The gender commonly associated with names changes over times. In the chart below, names were thought of as female when they appear near the top, and male when they appear near the bottom. You can change the names that are displayed below.
When you enter your first name and birth year, this application looks your name up in the Social Security Administration’s dataset of baby names. It figures out the proportion of male and female births for the year you were born, and guesses your gender based on that.
This application is based on the gender package for R, which does this prediction in a more sophisticated way. For example, the gender package makes corrections to biases in the SSA dataset, and lets you predict gender based on a range of birth years. It also lets you use other datasets from other times and places. Currently the gender package has two main datasets: the SSA dataset for the twentieth-century United States and a Census dataset for the nineteenth-century United States.
A common problem in historical research is that one has a list of names and wishes to infer additional information from it. Think, for example, of these kinds of lists: company payrolls, military rosters, passenger bookings, records of correspondence, or lists of published works. Some of these records might contain associated information such as a person’s address, age, or rank, while others contain little more than a list of personal names. A common question in the history of American religion, for example, is whether more women than men participated in a church or religious group. A simple membership roll might contain names, but it is unlikely to identify the gender of the members. One might also ask a question about changing patterns in male and female authorship of books. Library catalogs contain enormous amounts of data about publication, but they do not record the gender of authors.

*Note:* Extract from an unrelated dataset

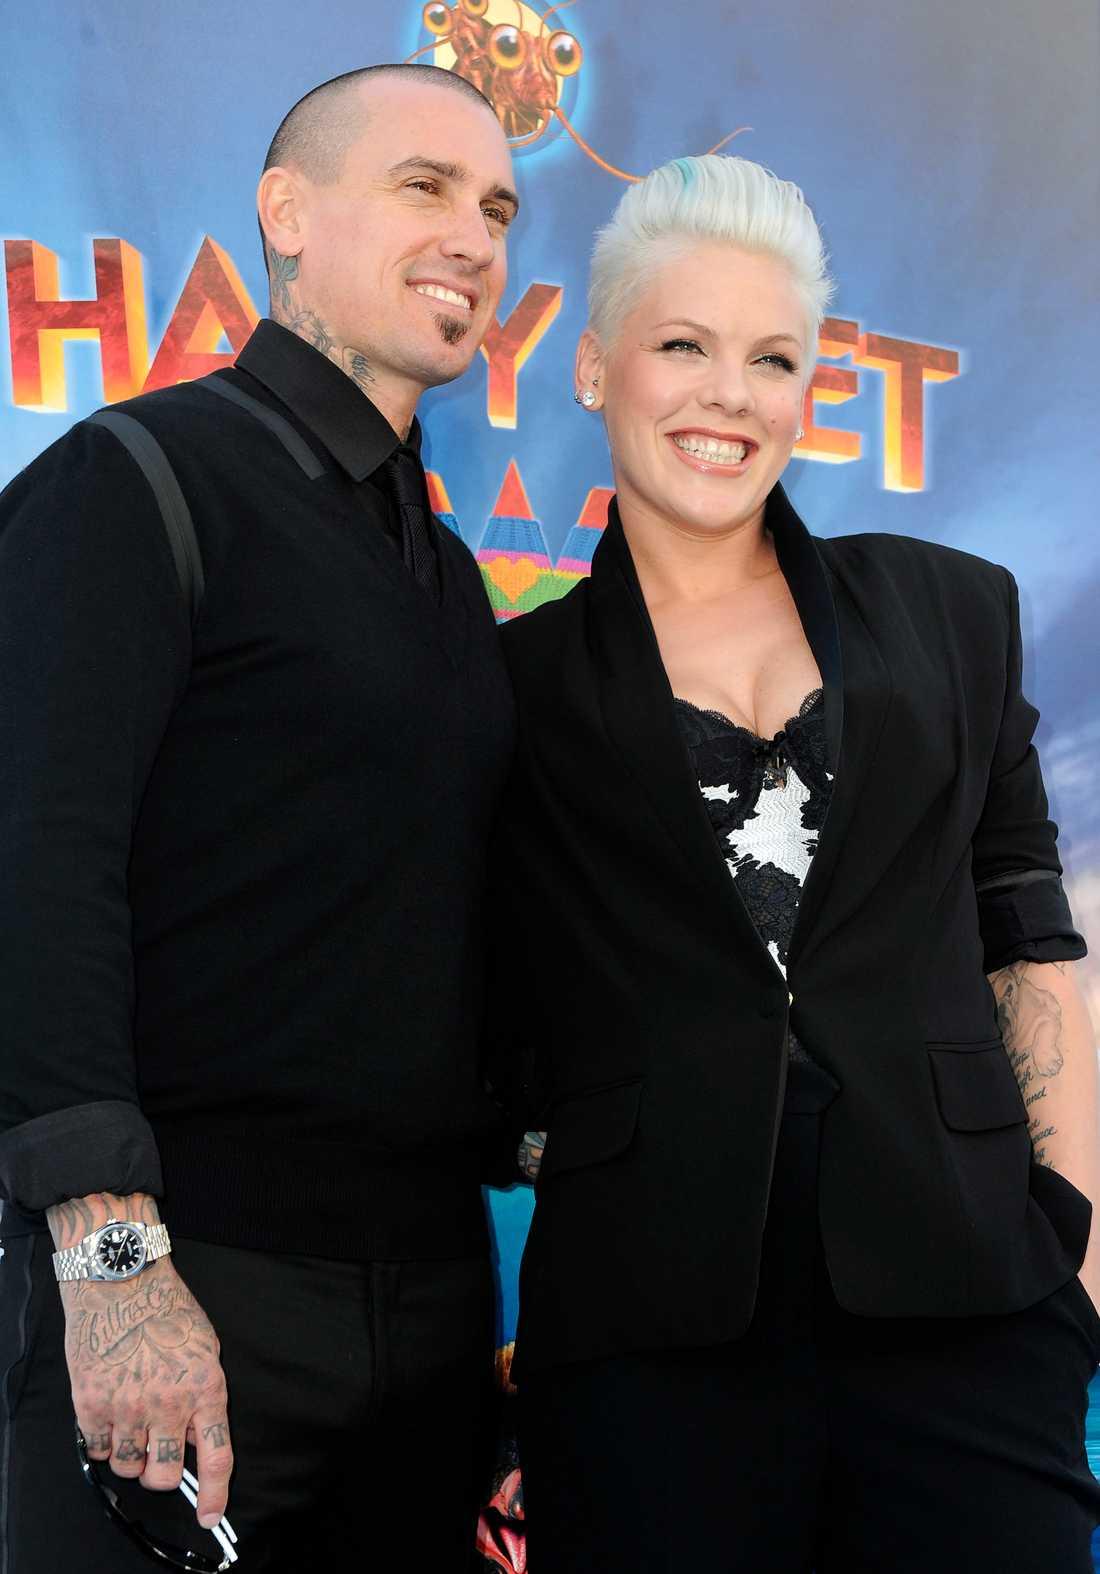 Pinks make Corey Hart är beredd att ta till vapen för att skydda parets ägodelar.

If a historian tried to guess the gender of historical names using contemporary data, then he or she would likely make errors when naming conventions changed. Predicting gender from first names requires a fundamentally historical method.
Sorry. The percentages just might not represent you. And if you weren’t born in the United States, then the data is far less likely to represent you accurately. And of course the application can be as good as the data that is supplied to it. In particular, it has to use the same categories as that data.
For performance reasons, I'm only using names that have been used at least 5,000 times for people born in the United States in the past 130 years. That's about 3,500 names. The complete SSA dataset has roughly 91,000 names.
I made this to experiment with Shiny web application framework for R by RStudio. (Turns out that Shiny is pretty awesome.) But it is also intended as a demonstration of the basics of the gender package’s historical method.